Is there a counterexample for the claim: if $A \oplus B\cong A\oplus C$ then $B\cong C$? [closed]
Here $A$, $B$ and $C$ are $R$-modules. Is there a counterexample for the claim: if $A \oplus B\cong A\oplus C$ then $B\cong C$? And what if $B$ and $C$ are finitely generated?
Solution 1:
Let $R$ be the ring of smooth functions on $S^2$. Then $R^3 \cong \operatorname{Vect}(S^2)\oplus R$ where $\operatorname{Vect}(S^2)$ is the $R$-module of smooth vector fields on $S^2$. $\operatorname{Vect}(S^2)$ is not isomorphic to $R^2$ by the hairy-ball theorem, and the standard smooth embedding $S^2\rightarrow \Bbb R^3$ gives the first isomorphism.

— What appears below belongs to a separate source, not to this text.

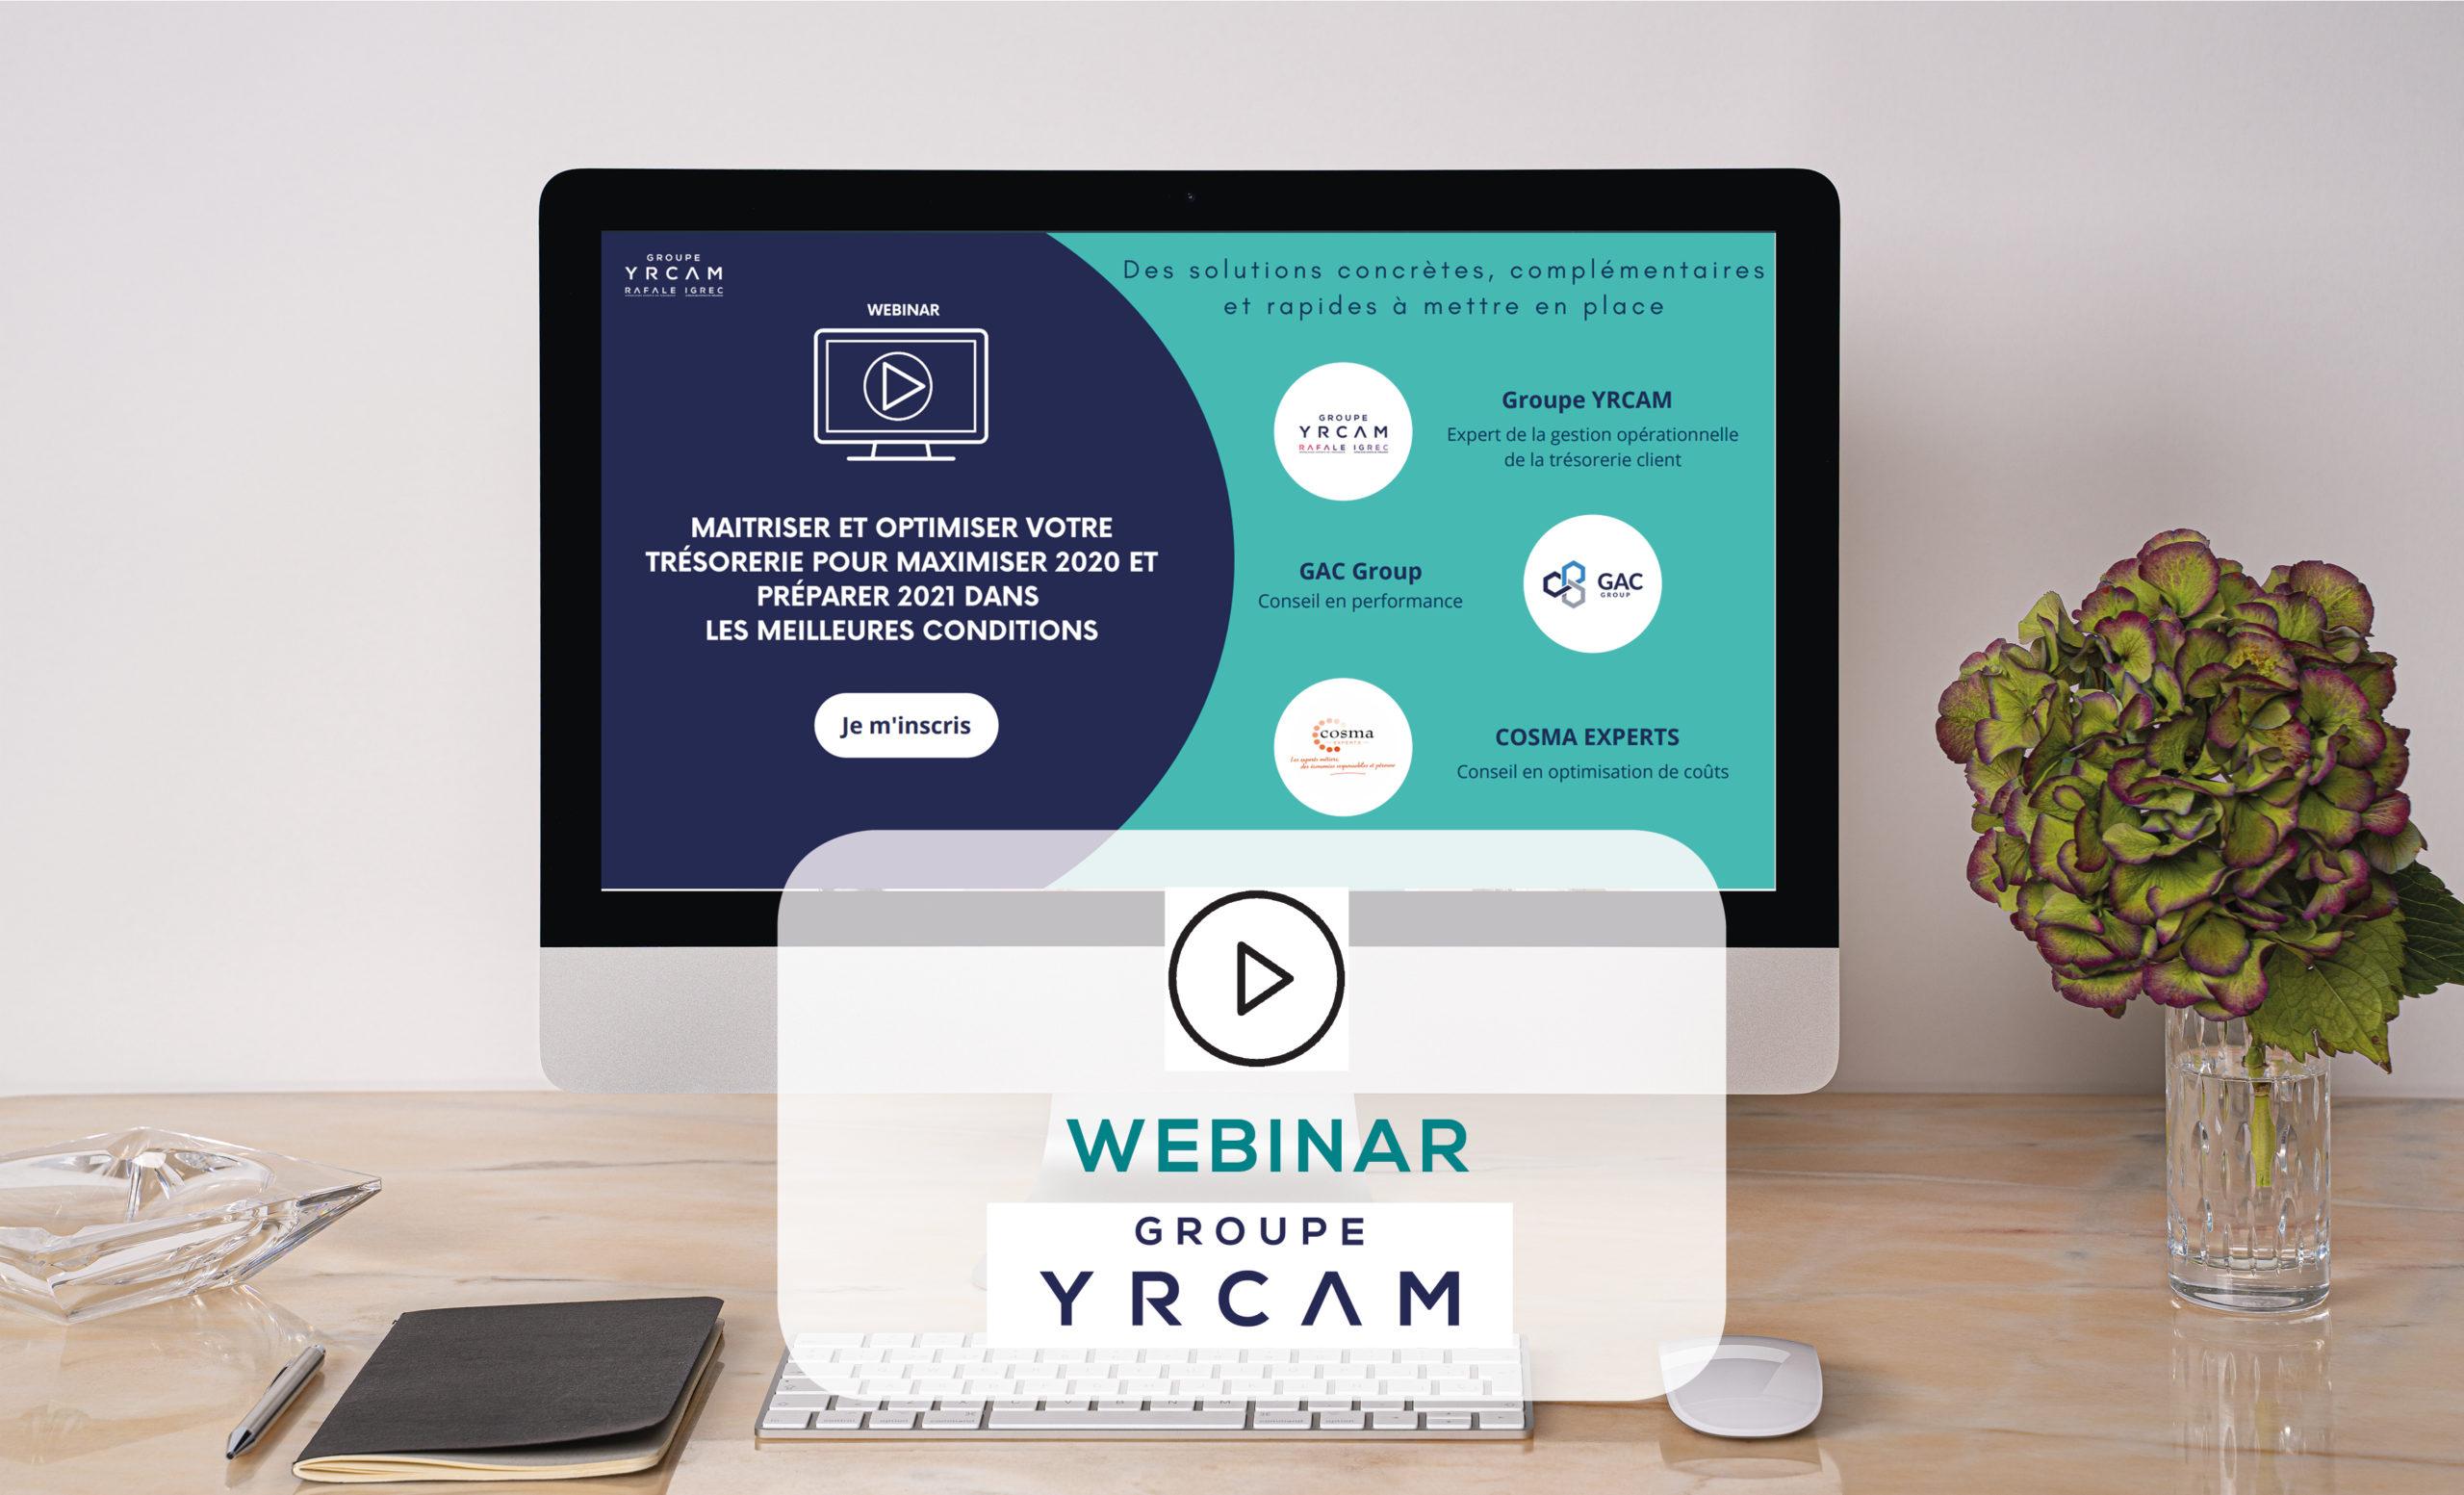 mignature Webinar Groupe Yrcam

Also note the splitting $R^3 \cong \operatorname{Vect}(S^2)\oplus R$ gives a surjective map from $R^3$ to $\operatorname{Vect}(S^2)$, so $\operatorname{Vect}(S^2)$ is finitely generated.
Solution 2:
Without using any topology, you can take $R$ the ring of endomorphisms of an infinite-dimensional vector space $V$, say over $\mathbb{R}$. Then as a (left) module over itself, $R=R\oplus 0$ is isomorphic to $R\oplus R$.
Solution 3:
Here's another one. Let $R$ be a ring which has any non-free finite projective module $A$ (where here $A$ finite projective means there exists $B$ with $A \oplus B\cong R^k$ for a finite $k$). Then if we denote $R^\infty$ the countable direct sum of copies of $R$, we have $A\oplus R^{\infty}\cong R \oplus R^{\infty}\cong R^\infty$ by the Eilenberg-Mazur swindle. In particular, $A \oplus R^\infty\cong A \oplus (B\oplus A) \oplus (B \oplus A) \ldots \cong (A\oplus B) \oplus (A \oplus B) \ldots \cong R^{\infty}$
For a simple example of such an $R$, let $k$ be a field and let $R=k\times k$ and $A=k$, where the module action is just multiplication from the first coordinate.
Solution 4:
Let $R=\mathbb Z$, and $A=\mathbb Z\oplus\mathbb Z\oplus\cdots$. Now set $B=\mathbb Z$ and $C=0$.
Moreover, if you also want $A$ finitely generated, then there still are counterexamples, but maybe not that easily found; see e.g. here.